Hito Çako (2 March 19235 November 1975) was an Albanian politician and lieutenant general of the Albanian People's Army. He also was among the 154 persons to whom the title "Hero of the People" ( Hero i Popullit ) was awarded.

Life 
Born in Progonat on 2 March 1923, he joined LANÇ and the Albanian Communist Party in 1942. He was interned in Italy in 1942–3 until the country's capitulation to the allied forces. Upon returning to Albania, he joined the 5th Attacking Brigade and was promoted to the rank of political commissar. In 1944 he was promoted to the rank of vice-commander of the 2nd Attacking Corps. Of his relatives Rakip (1923–1943) died in Shëntriadhë fighting the Italian army, while Remzi and Shefqet (1924–1944) died fighting the German army in Cepo and Qesarat respectively.

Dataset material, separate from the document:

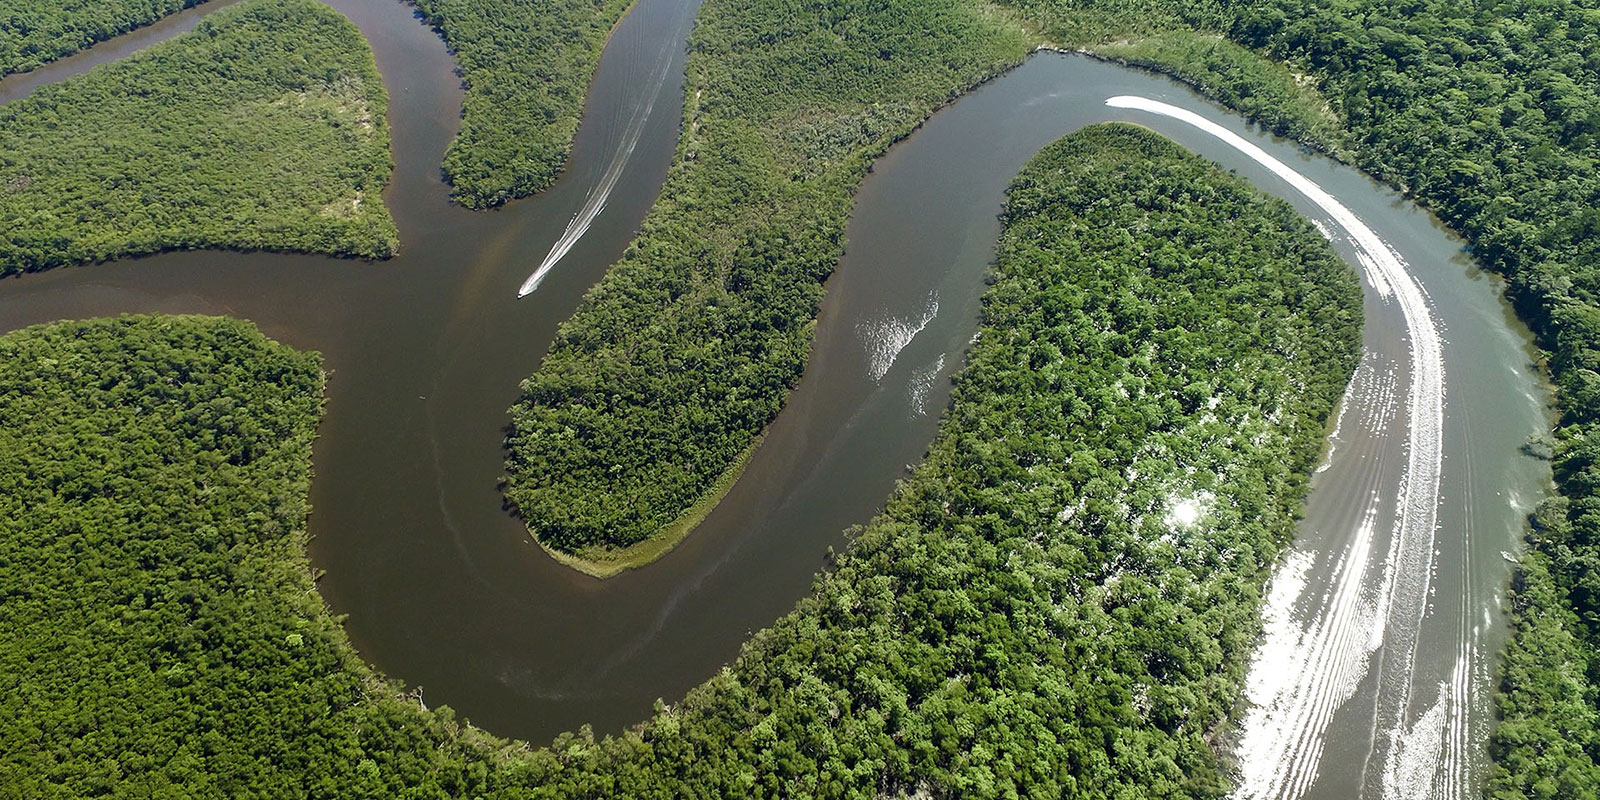 Amazonas Brasilien, Flitterwochen Abenteuer, Brasilien Rundreise 2 Wochen, Rundreise ARGENTINIEN BRASILIEN, individuelle Rundreise ARGENTINIEN BRASILIEN, Mietwagenrundreise ARGENTINIEN BRASILIEN, Reise ARGENTINIEN BRASILIEN, erlebe ARGENTINIEN BRASILIEN, Selbstfahrer ARGENTINIEN BRASILIEN, Kleingruppenreise ARGENTINIEN BRASILIEN, ARGENTINIEN BRASILIEN auf eigene Faust, Gruppenreise ARGENTINIEN BRASILIEN, Urlaub in ARGENTINIEN BRASILIEN, Ferien in ARGENTINIEN BRASILIEN, Familienreise ARGENTINIEN BRASILIEN, Flitterwochen ARGENTINIEN BRASILIEN, Hochzeitsreise ARGENTINIEN BRASILIEN
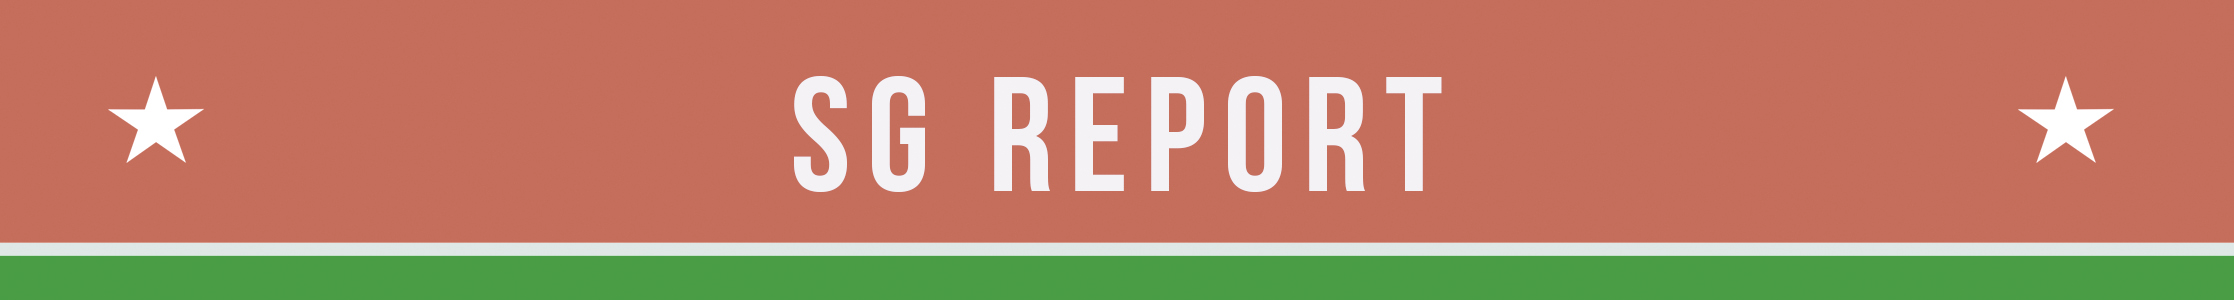 SG Report: 1/22/18

After Teme Sejko's purge he acted as political vice-admiral of the fleet until Sejko's replacement by Abdi Mati. Çako was a long-standing member of the party's Central Committee and a deputy of Vlorë County in the Albanian parliament until 1974, when in the first phases of the Sino-Albanian split he was accused of being a member of a pro-PRC coup d'état headed by party leader Beqir Balluku. He was executed by firing squad in 1975.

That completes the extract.